Seeing similar in PCF 2.3.5(2.3.8) with GrootFS and the differences in DCR/RCR. But one item to note is that when we go into Apps Manager UI, we see where the number of instances exist(DCR), accept the RCR version will have one showing no CPU/memory etc. Says its up. Could this be what cf top is reporting as not running?
"RCR" is "Reporting Container" -- cf top
uses stats from the metrics of each container. If a container does not report in within 60 seconds (it should emit metrics every 30 seconds), cf top
will consider the container to be down.
So one possibility is if cf top
is running across a network that can't keep up with the firehose network traffic such that its dropping firehose events. This should be flagged within cf top
with a noticed about inaccurate information.
I have not done a lot of testing in newer versions of PCF -- I'm wondering if the container metrics are being emitted at a different frequency now.
@JonRavenscraft and @skertz you both mentioned "GrootFS". What PCF settings do I need to modify to enabled this? Any setup/config help you can provide to try and replicate this issue would be appreciated.
Seems like starting in PCF 2.4 GrootFS is not configurable -- it is always used.
Having said that, I'm testing against PCF 2.4 and have not been able to replicate this issue. Any help in providing scenario that leads to incorrect DCR/RCR values would be helpful.

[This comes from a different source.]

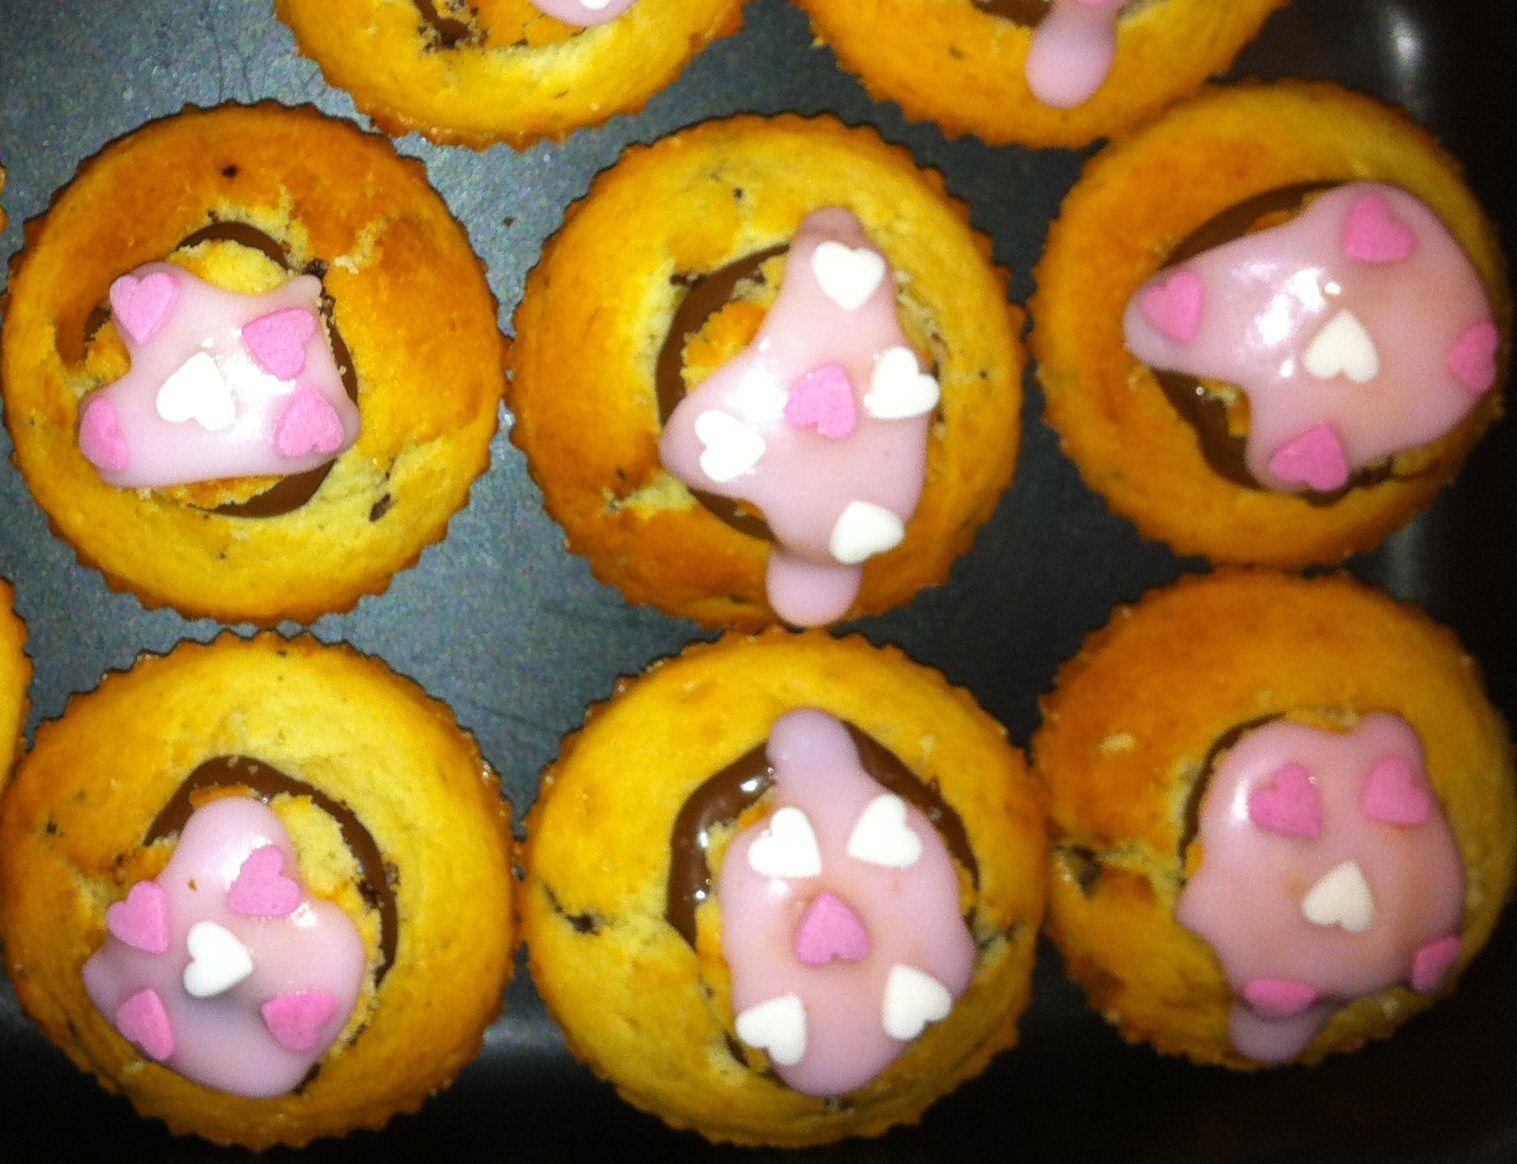 Cupcakes au nutella sans gluten - pour 12 unités

Regarding cf top and RCR -- RCR is defined as reporting containers which top gets from the firehose data. Each container is intended to report in every 15-30 seconds with its current telemetry (CPU, memory, etc). If cf top does not hear from a given container for more then 2 minutes (which means that its missed several firehose container updates), then it considers the container at "not reporting". This can happen for a number of reasons.
1) If the firehose is dropping messages -- which can happen if the firehose is very busy and the location where you are running cf top is not local to the platform (e.g., you are running it on a laptop which means that all firehose data has to navigate from the platform through lots of network hops to get to your laptop vis running in on a VM that is close to the platform from a network perspective.
or
2) I have seen this when a Diego cell is running at such high CPU that the containers running on the given diego cell do not have enough CPU cycles to report their telemetry. In the second case, PCF says everything is good but technically the containers running on the given Diego cell really are not running well.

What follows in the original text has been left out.